Re: Friday Puzzler -- Tangent

Larry Barrett
Alex will jump in here pretty soon, but in my opinion I think you have the correct answer (1.25"), but I think your reasoning is a little off, or maybe there is just a simpler way to look at it.
(BTW, I have been looking at this off and on and did not see how to proceed at all, so hats off to you).

Here is your reasoning, and interspersed is my suggestion:

Starting at the lower left, label the four corners of the square as A, B, C, and D. Radius point is E. Intersection of the diagonal line with A-B is F.

From F, a horizontal line intersects C-D at point G. Line FG = 1.

Angle DCE = tan 0.5 = 26.565°

Line CE is the bisector of FCD, thus FCD = 53.130°, leaving CFG as 26.870°.

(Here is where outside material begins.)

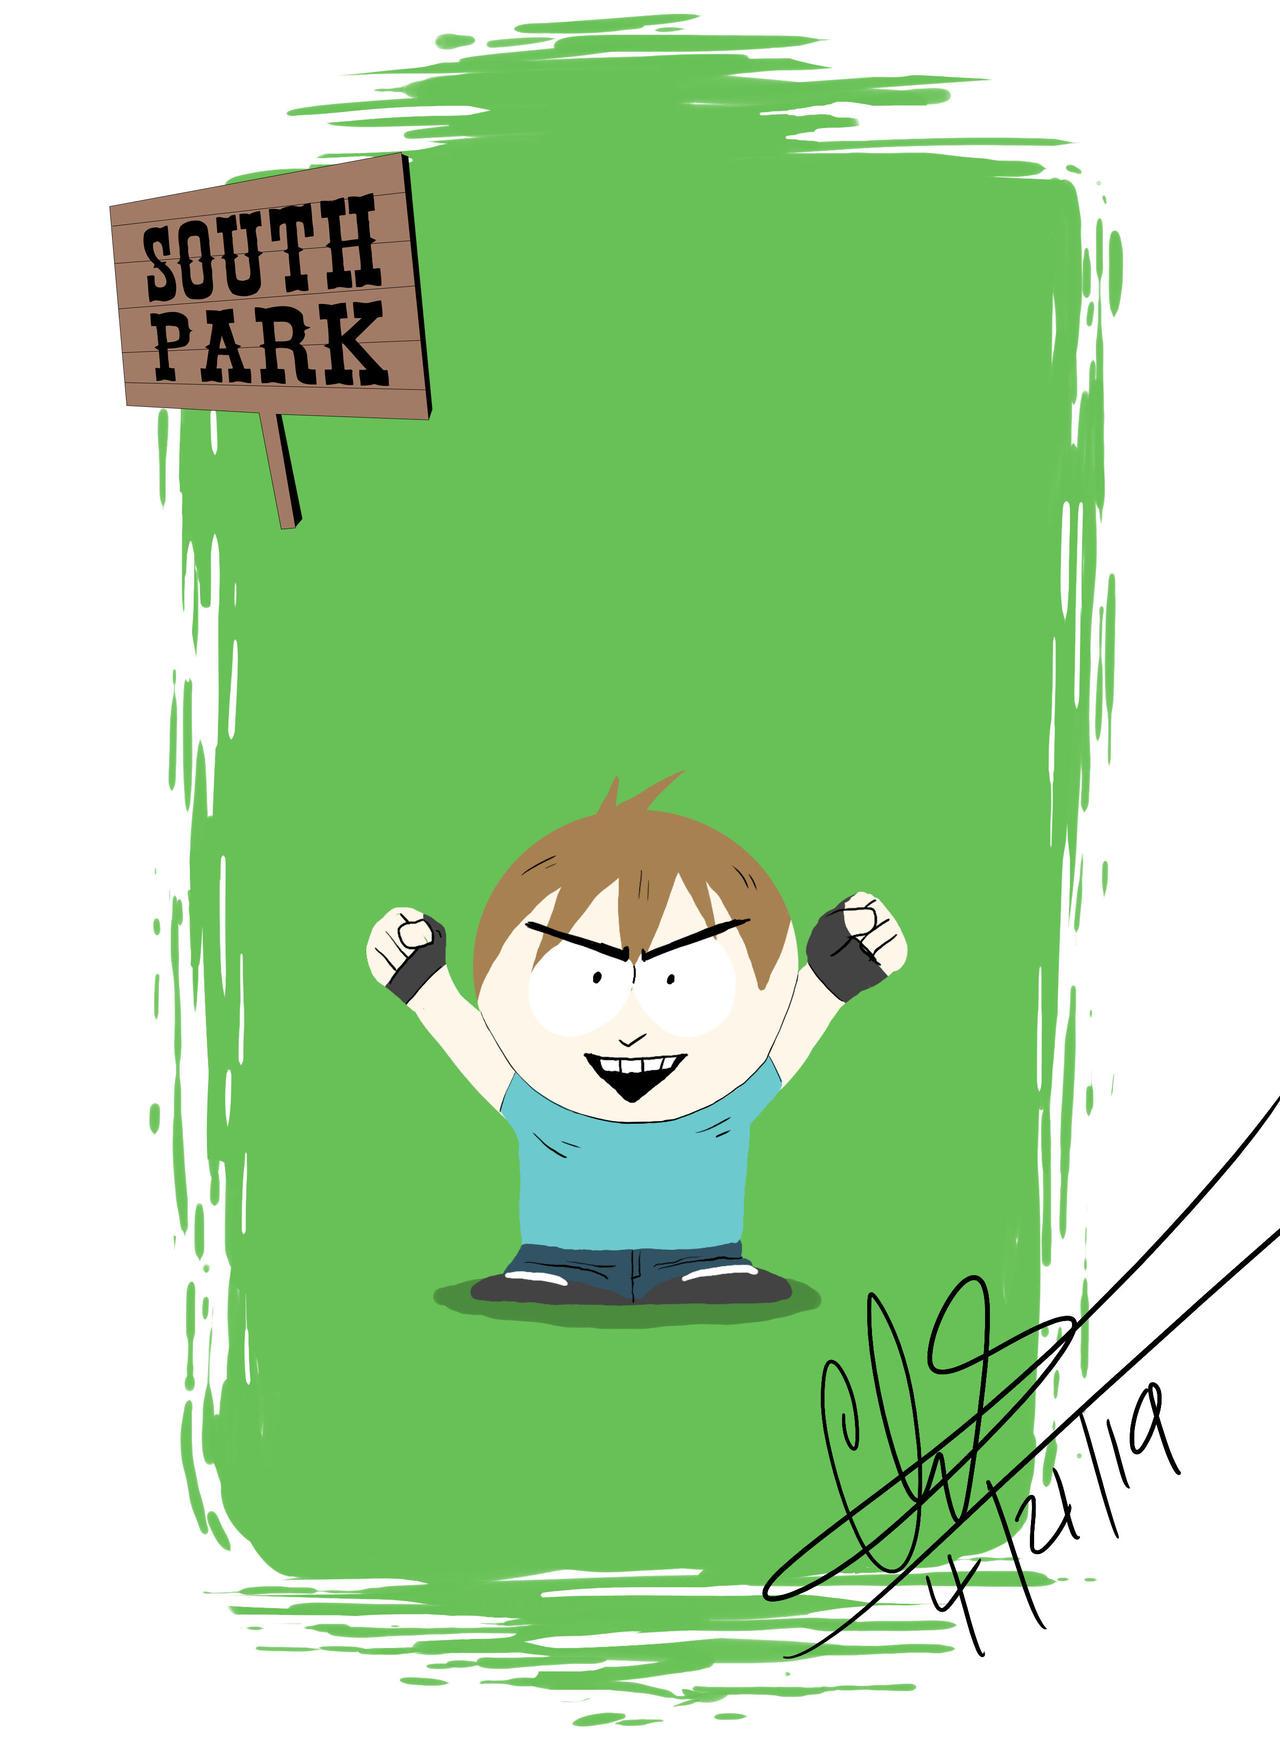 Park Art My WordPress Blog_View South Park Art Challenge Pictures

It is not obvious to me why CE is a bisector of angle FCD, although I think you are correct that angle FCD is 53.130°. And, a minor error - if FCD is 53.13° , then angle CFG is (90° - 53.13°) = 37.87°. However, cos 37.87° = .8, as you say.

Instead of your bisector argument, lable the point where the semicircle radius intersects line FC as point X. Now look at triangles CXE and CDE. They are both right triangles. Sides EX and ED are equal (.5"), Line CE is the hypotamus for both. Therefore sides CX and CD are equal and the triangles are congruent. Therefore angle XCE (which is the same as FCE) and angle DCE are equal. And this is what you concluded from your bisector argument.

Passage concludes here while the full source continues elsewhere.